Voici quelques exemples d'aires corticales et de leurs fonctions :
- Aire motrice primaire : Située dans le lobe frontal, elle contrôle les mouvements volontaires.
- Aire sensorielle primaire : Reçoit les informations sensorielles (toucher, température, douleur, etc.).
- Aire visuelle primaire : Située dans le lobe occipital, elle traite les informations visuelles.
- Aire auditive primaire : Située dans le lobe temporal, elle traite les informations auditives.
- Aires d'association : Elles intègrent les informations provenant de différentes aires sensorielles et motrices, et sont impliquées dans des fonctions cognitives supérieures telles que le langage, la mémoire et la prise de décision.
Neurotransmetteurs et Neuromédiateurs : La Communication Chimique du Cortex
La communication entre les neurones du cortex se fait par l'intermédiaire de neurotransmetteurs et de neuromédiateurs.
Neurotransmetteurs : Ce sont des molécules libérées dans la fente synaptique pour transmettre un signal d'un neurone à l'autre. Les principaux neurotransmetteurs du cortex sont le glutamate (excitateur) et le GABA (inhibiteur). L'acétylcholine est l'un des premiers neurotransmetteurs découverts. Son fonctionnememt a été surtout étudié au niveau de la plaque motrice, mais il est présent partout dans le système nerveux. Il existe deux récepteurs de l'acétylcholine, tous deux présents dans le cortex : le récepteur nicotinique, dont l'antagoniste est la nicotine et le récepteur muscarinique sensible à la muscarine. Le récepteur nicotinique est un récepteur canal qui laisse passer les ions sodium quand il est activé. En revanche, le récepteur muscarinique est un récepteur de type métabotropique, ce qui signifie qu'il ne va pas ouvrir un canal ionique, mais synthétiser une molécule qui va avoir un effet sur le fonctionnement du neurone. Ce genre de récepteur est plus impliqué dans les phénomènes de régulation à moyen et long terme que dans la transmission du potentiel d'action.

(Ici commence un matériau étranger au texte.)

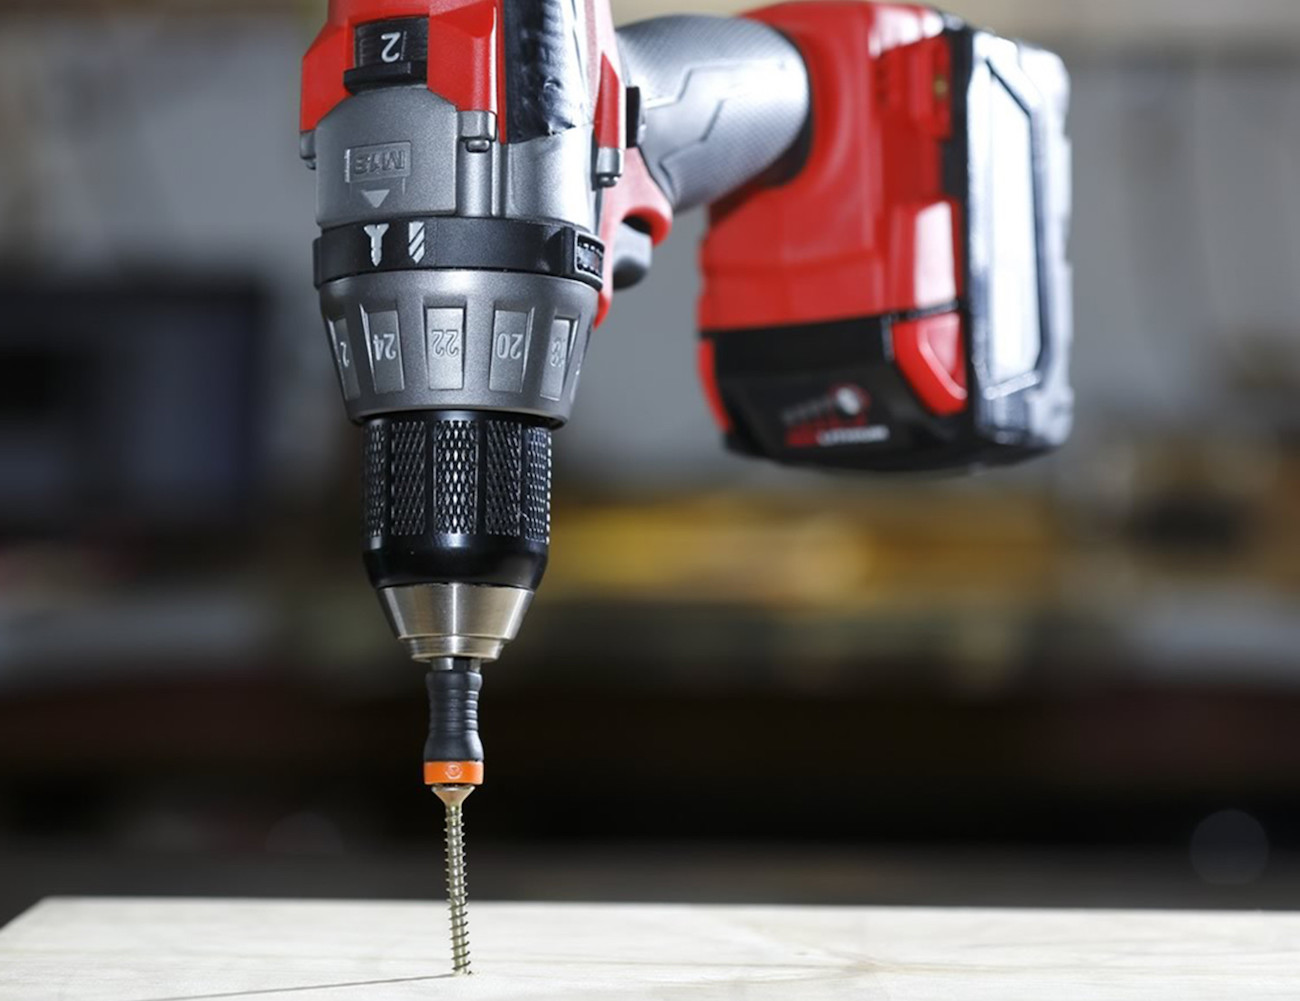 Blister B30 – Magnetic Screw Holder

Neuromédiateurs : Ce sont des molécules similaires aux neurotransmetteurs, mais qui sont émises dans l'environnement cérébral et atteignent les neurones de façon non spécifique. Les principaux neuromédiateurs sont la noradrénaline (attention, mémorisation), la sérotonine (cycles veille/sommeil, comportement alimentaire, sexuel), la dopamine (système de récompense) et la mélatonine (cycle circadien).